Tandis qu’il parlait à son fils préféré, Rébecca écoute ce que dit Isaac à Ésaü. Rébecca  va conspirer contre son mari, contre son fils Ésaü,  au profit de son préféré : Jacob. Là nous voyons l’influence et les manœuvres de l’esprit de Babylone dans un couple, il cherchera toujours à prendre le pouvoir. Il agit souvent avec  Jézabel qui tue ses propres enfants et le mari.

Rébecca développe une stratégie de tromperie, de mensonge et d’usurpation envers son fils Ésaü et son mari. Elle va amener et convaincre son fils Jacob de tromper son père, pour lui arracher la bénédiction destinée aux premiers nés.

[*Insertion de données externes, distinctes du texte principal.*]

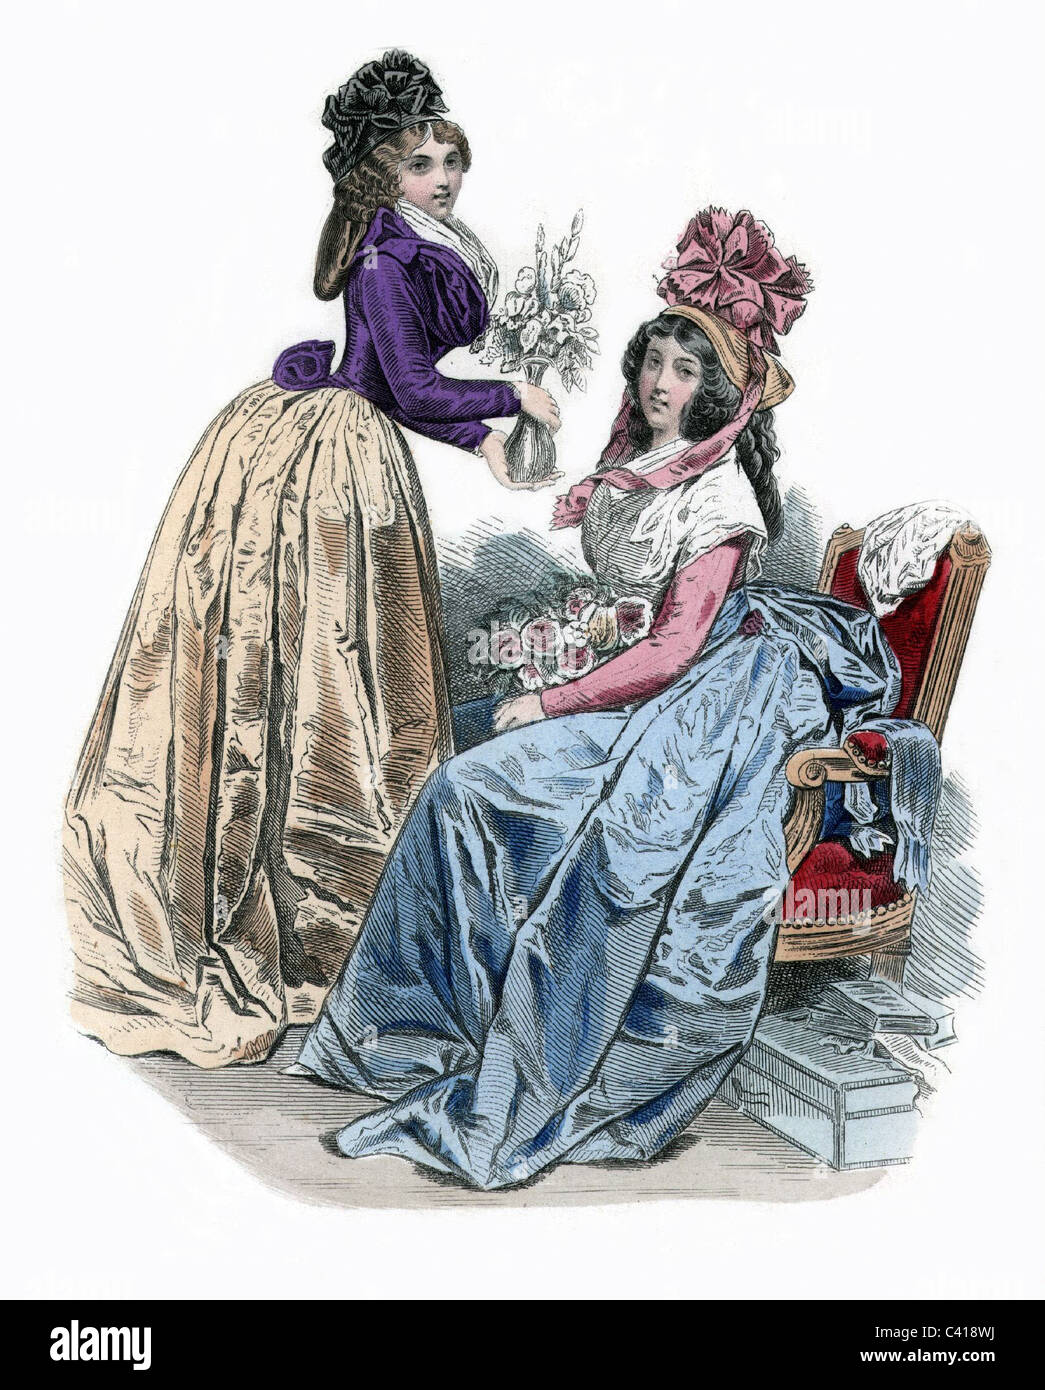 Mode, mode de la ladie, 18ème siècle, France, Paris, 1790, droits additionnels-Clearences-non disponible Banque D'Images

Jacob était attaché émotionnellement à sa mère, donc facilement influençable et manipulable entre ses mains. Il est lié à sa mère par un lien d’âme fusionnelle, le cordon ombilical n’a jamais été coupé. De ce fait il n’a jamais reçu l’amour du papa. Rébecca devient responsable des divisions et de toute la haine dans la famille. Cela va provoquer le désir de tuer dans le coeur d’Esaü.  La fuite de Jacob devient la seule issue possible pour sauver sa vie en danger. C’est ce que fait  une mère influencée par l’esprit et le modèle de gouvernement de Babylone. Elle déshonore complètement son mari, jusqu’à la mort, par son attitude et l’attitude qu’elle fait adopter à son préféré : Jacob qui déshonore son père  en se présentant comme étant Esaü. Jacob trompe son père, également par un baiser.

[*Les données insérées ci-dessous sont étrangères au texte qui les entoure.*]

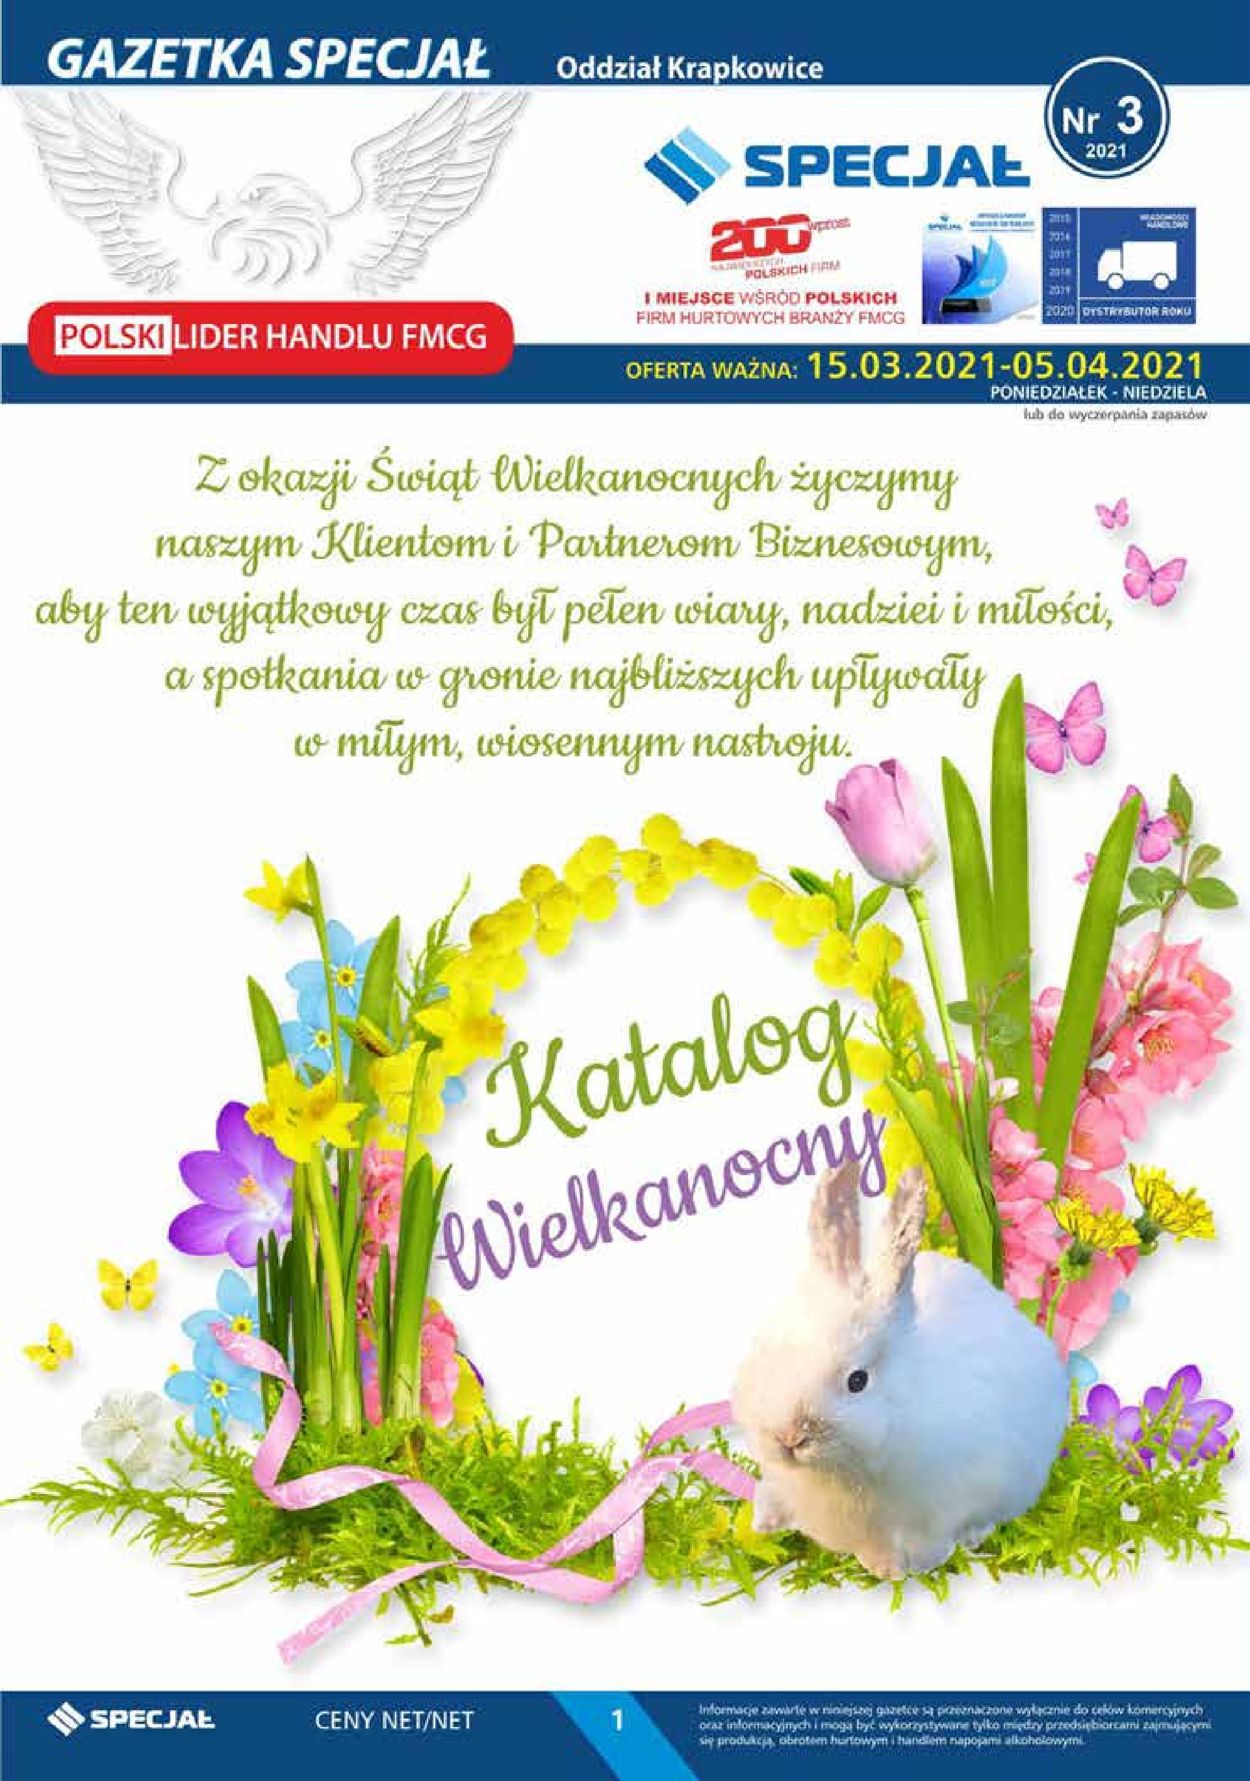 Gazetka promocyjna Specjał Katalog Wielkanocny 2021 - Oddział Krapkowice - 15.03-05.04.2021

Par sa manœuvre, Rébecca trompe son fils aîné, elle jette dans son cœur la haine, le meurtre dans son cœur. Ésaü, de ce fait tout au long de sa vie  restera orphelin de mère. Il va rentrer dans le cycle des carences maternelles ou l’absence de la mère. Il ne recevra pas de sa part la nourriture émotionnelle dont il avait besoin pour être un homme équilibré. Rébecca s’élève contre le plan de Dieu, dans son rôle de maman. Nous sommes loin de l’aide semblable créée par Dieu.

 

 Toute sa vie Ésaü sera un carencé de l’amour maternel. Le diable aime ces situations, ces personnes : homme ou femme affaiblies ou carencées dans l’amour maternel. Il sait que dans ces vies il pourra facilement tirer les ficelles du rejet, de la rébellion, mettre la haine dans ces cœurs  ouvert au meurtre. Ces personnes se tiendront dans l’isolement, la peur, la crainte. Le diable sait également que toutes personnes carencées dans l’amour maternel reproduiront le même modèle dans la vie de leurs enfants. Et cela se reproduira de générations en générations, jusqu’au jour où une personne prendra conscience de ce problème, et acceptera de s’humilier devant Dieu et de rompre l’influence de cet héritage.

 

 Les carences maternelles, à travers le favoritisme et la manipulation peuvent amener le meurtre, la haine, la jalousie et la division entre les enfants : quand Esaü apprend auprès de son père qu’il a été supplanté par son frère, dans la bénédiction qu’il espérait recevoir il poussa de grands cris :  Esaü conçut de la haine contre Jacob, à cause de la bénédiction dont son père l’avait béni ; et Esaü disait en son cœur : Les jours du deuil de mon père vont approcher, et je tuerai Jacob, mon frère.                                      Genèse 27 : 41

Rébecca est toujours là, veillant et surveillant, comme un chat qui guette sa proie ou  défend son territoire : Voici, Esaü, ton frère, veut tirer vengeance de toi, en te tuant. Maintenant, mon fils, écoute ma voix ! Lève-toi, fuis chez Laban, mon frère, à Charan ; et reste auprès de lui quelque temps, jusqu’à ce que la fureur de ton frère s’apaise, jusqu’à ce que la colère de ton frère se détourne de toi, et qu’il oublie ce que tu lui as fait. Alors je te ferai revenir.                                                                                                           Genèse 27 : 42b à 45

En réalité Rébecca perd ses deux fils le même jour, tous les deux deviennent des orphelins : Ésaü sera orphelin de mère, Jacob sera orphelin de père. Là encore nous retrouvons l’influence de l’esprit de Babylone qui cherchent à détruire la famille établie selon le modèle de Dieu.